• _Source material_:
*** Block opens ***

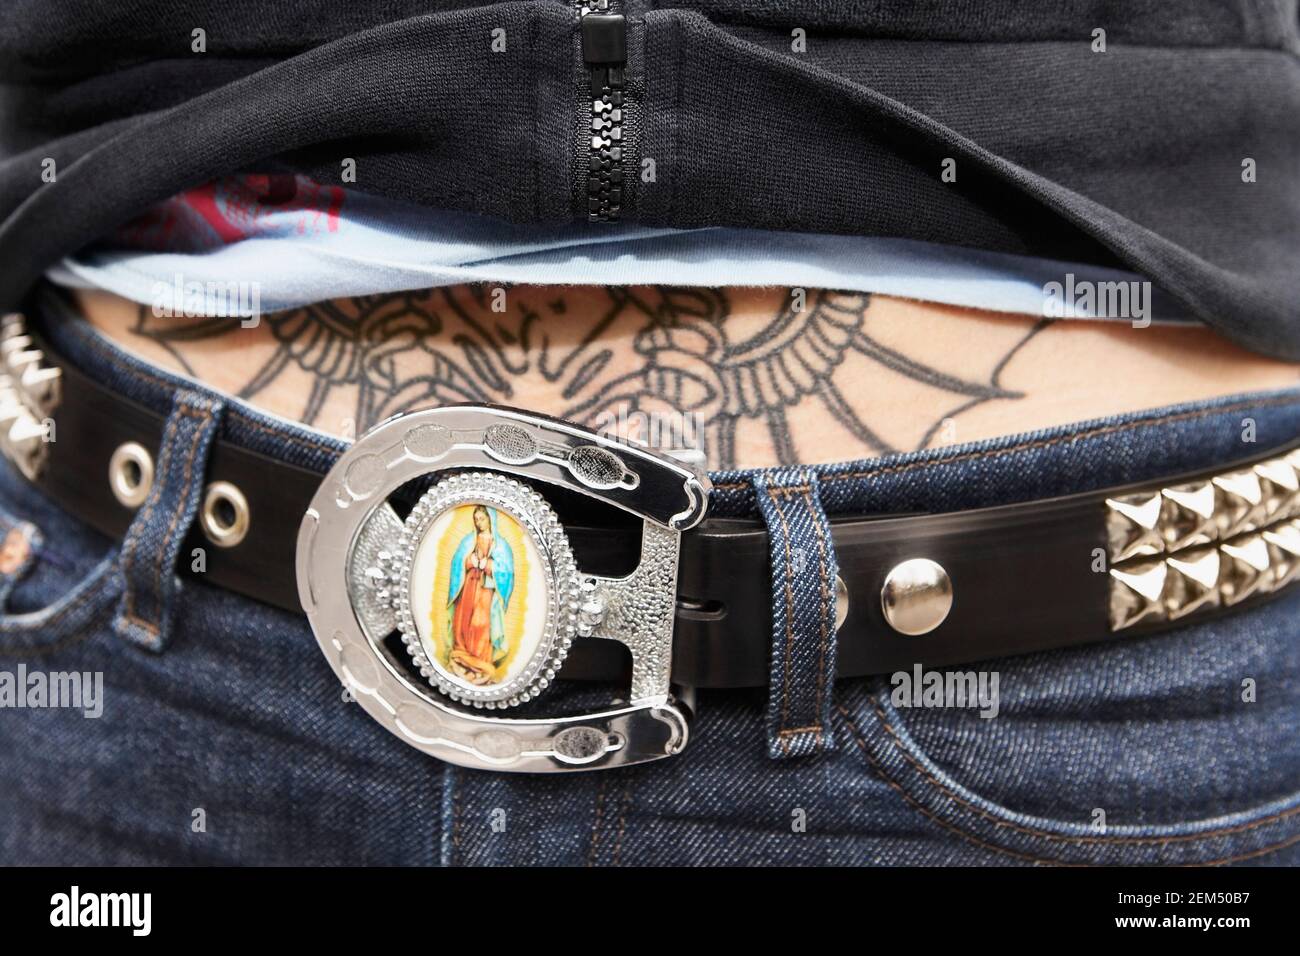 Mittelansicht einer Frau mit Gürtel und Ein Tattoo auf ihrem Bauch  Stockfotografie - Alamy
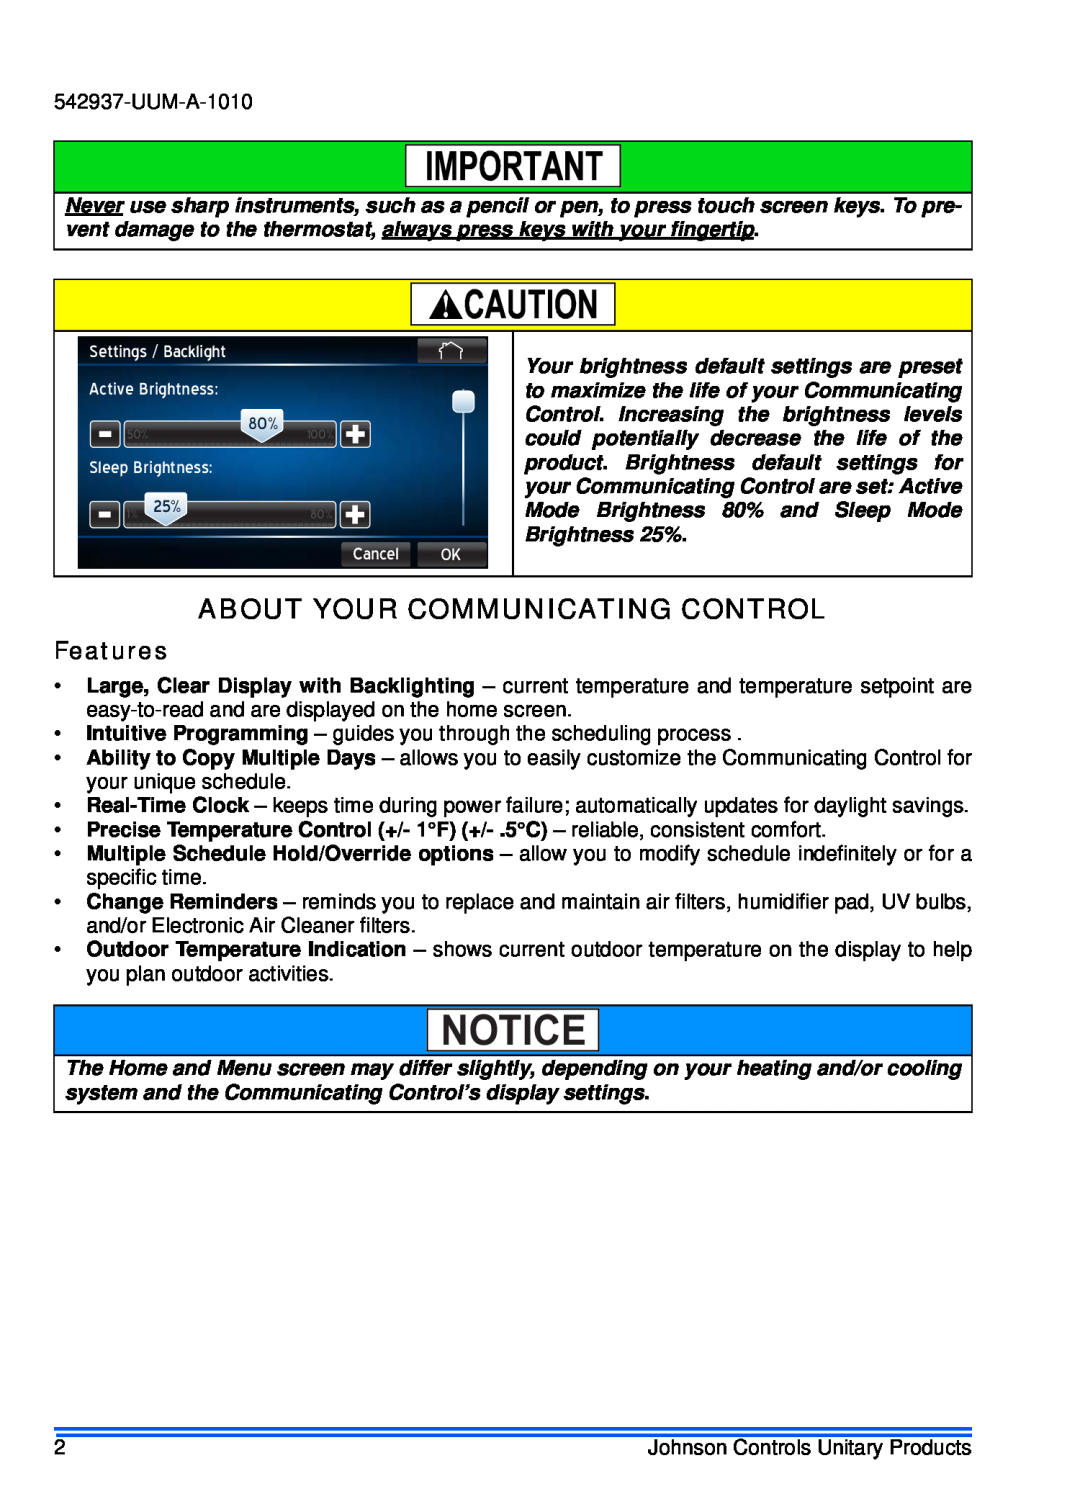 Johnson Controls S1-TTSCC01 appendix About Your Communicating Control, Features 
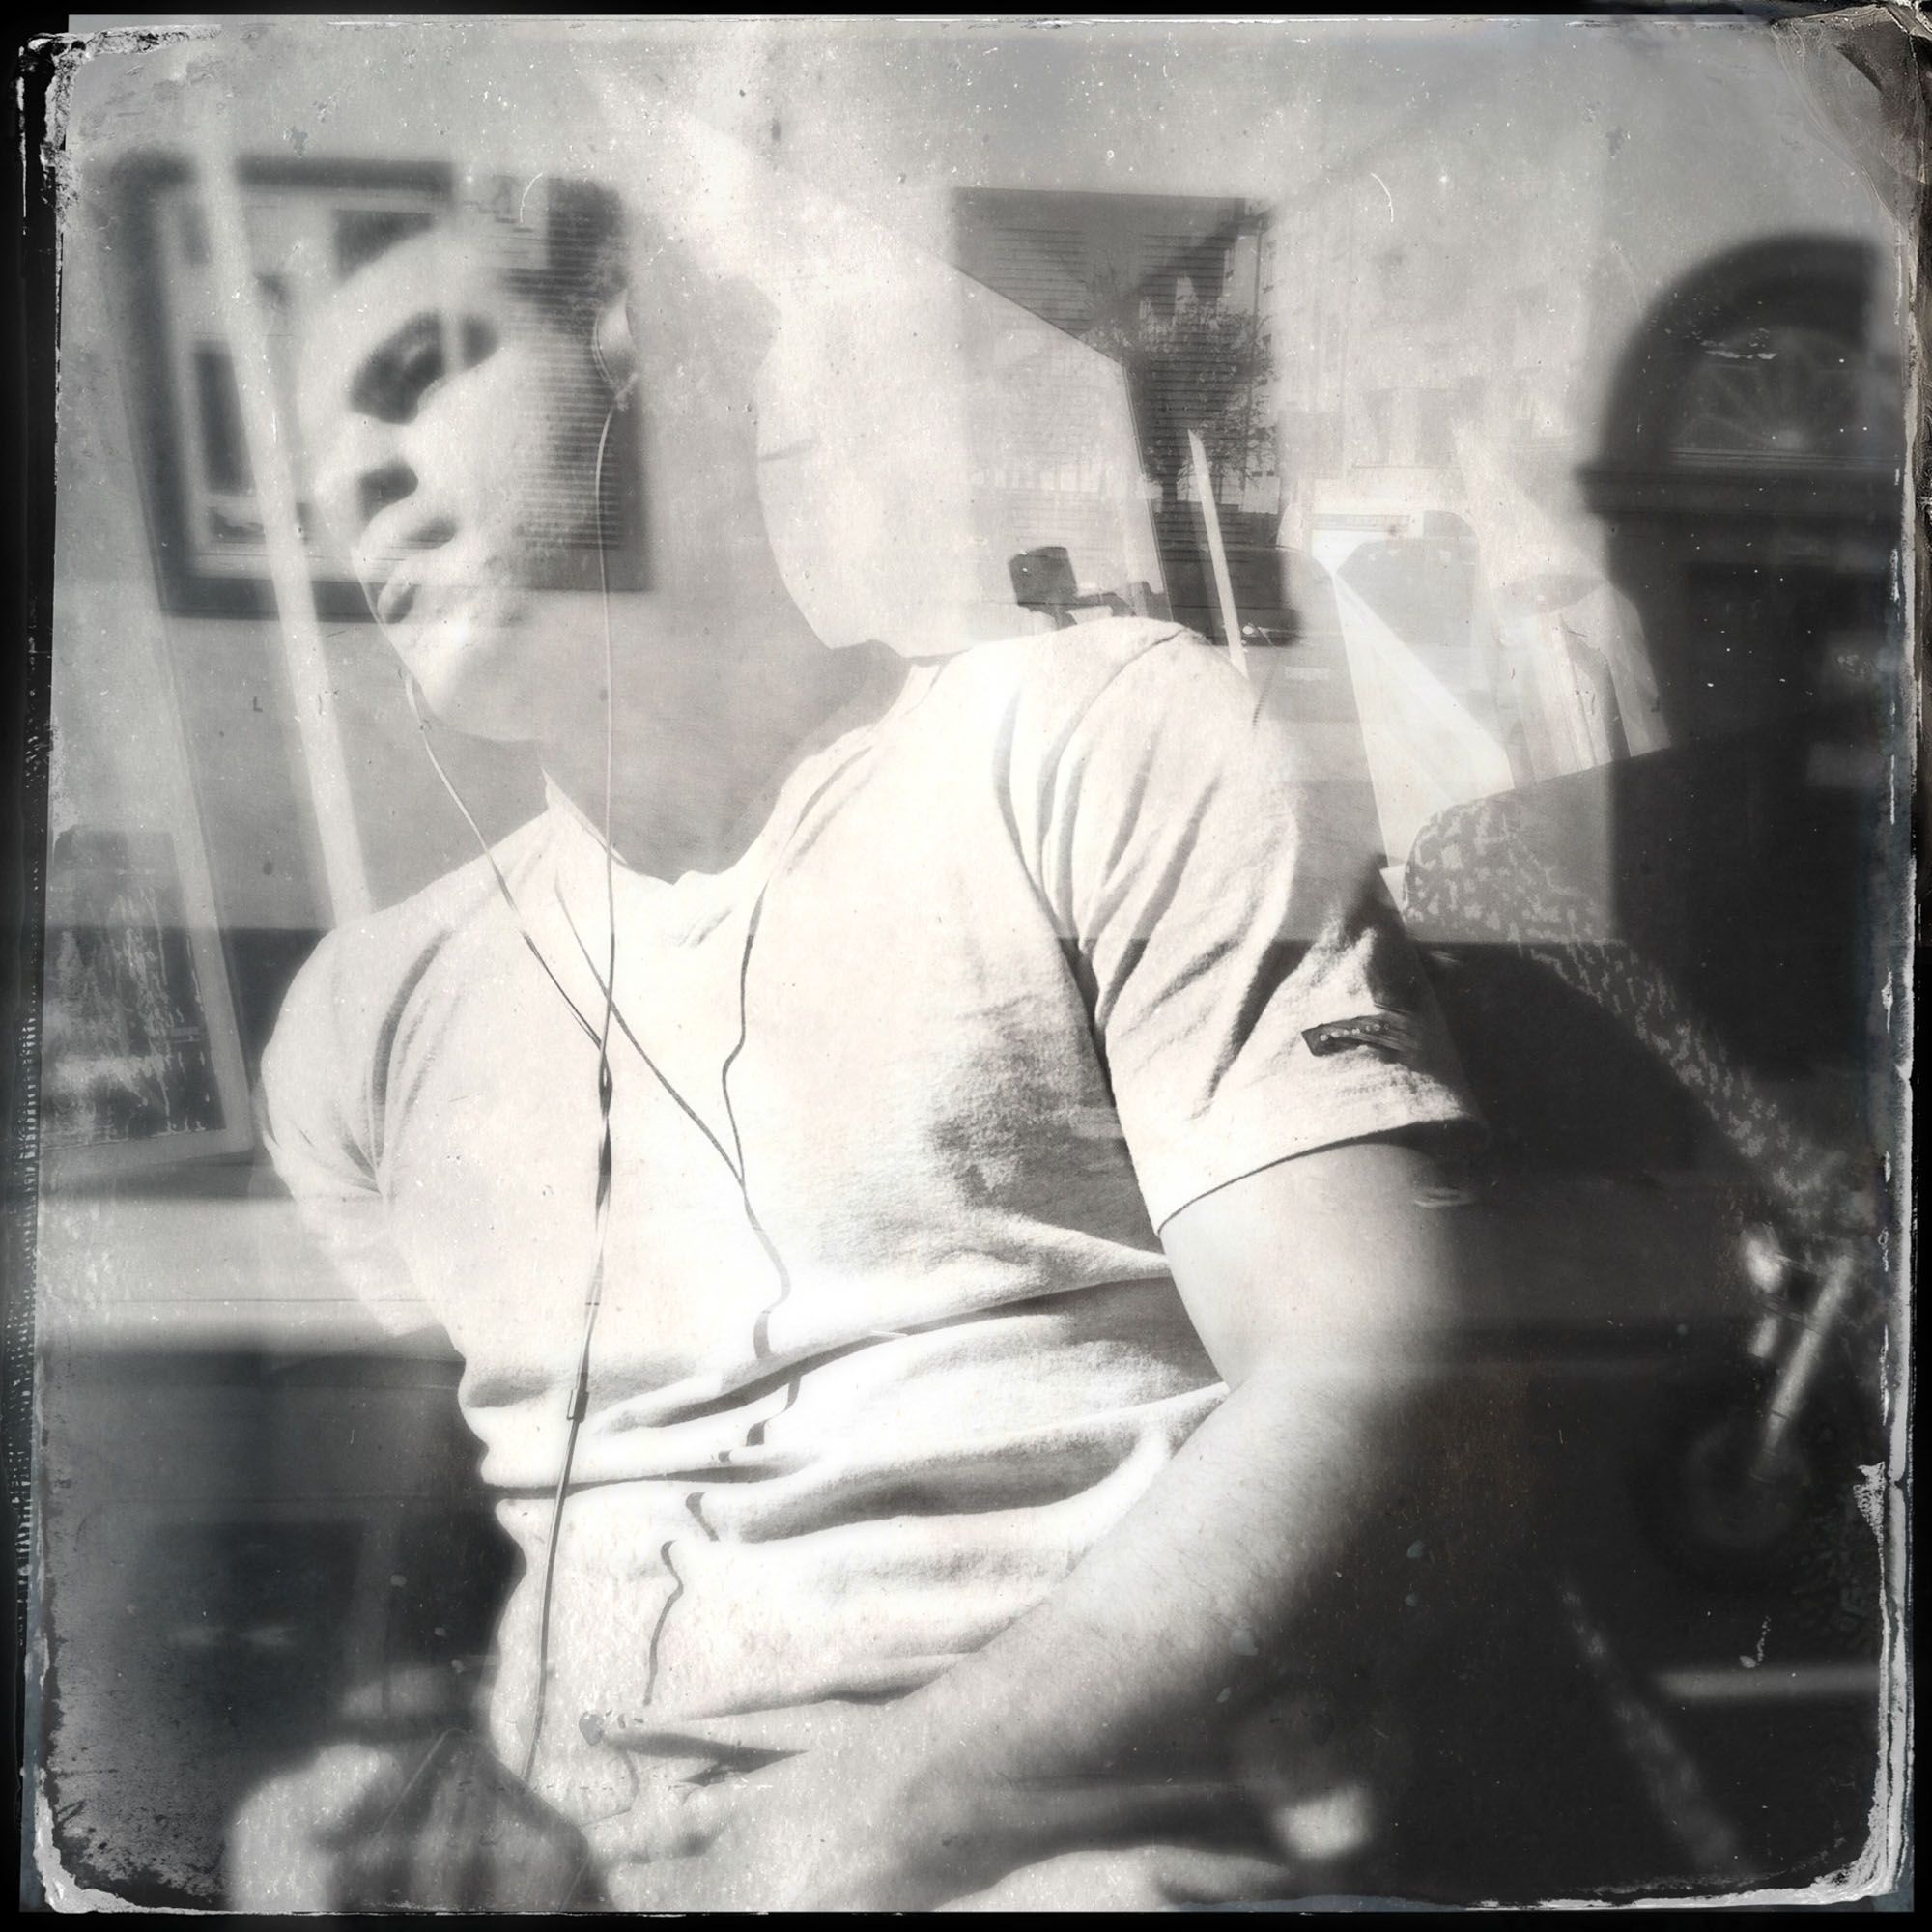 Das quadratische Schwarzweiß-Bild aus der Fotografieserie "Hipstamatic Ghosttrain" des Fotografen Fritz Phillipp aus Frankfurt im Rhein-Main-Gebiet, wurde in Köln aufgenommen und portraitiert einen jungen Mann mit Kopfhörern im Bus, hinter der Doppelbelichtung einer Hausfassade

*** Block closes ***

• _The problem_: Output nothing but the lines from the one containing "Johnson Controls S1-TTSCC01" to the end of the listing, both ends included, reproduced exactly. Pictures stay out.

• _Exercise response_:
 Johnson Controls S1-TTSCC01 appendix About Your Communicating Control, Features 
 Das quadratische Schwarzweiß-Bild aus der Fotografieserie "Hipstamatic Ghosttrain" des Fotografen Fritz Phillipp aus Frankfurt im Rhein-Main-Gebiet, wurde in Köln aufgenommen und portraitiert einen jungen Mann mit Kopfhörern im Bus, hinter der Doppelbelichtung einer Hausfassade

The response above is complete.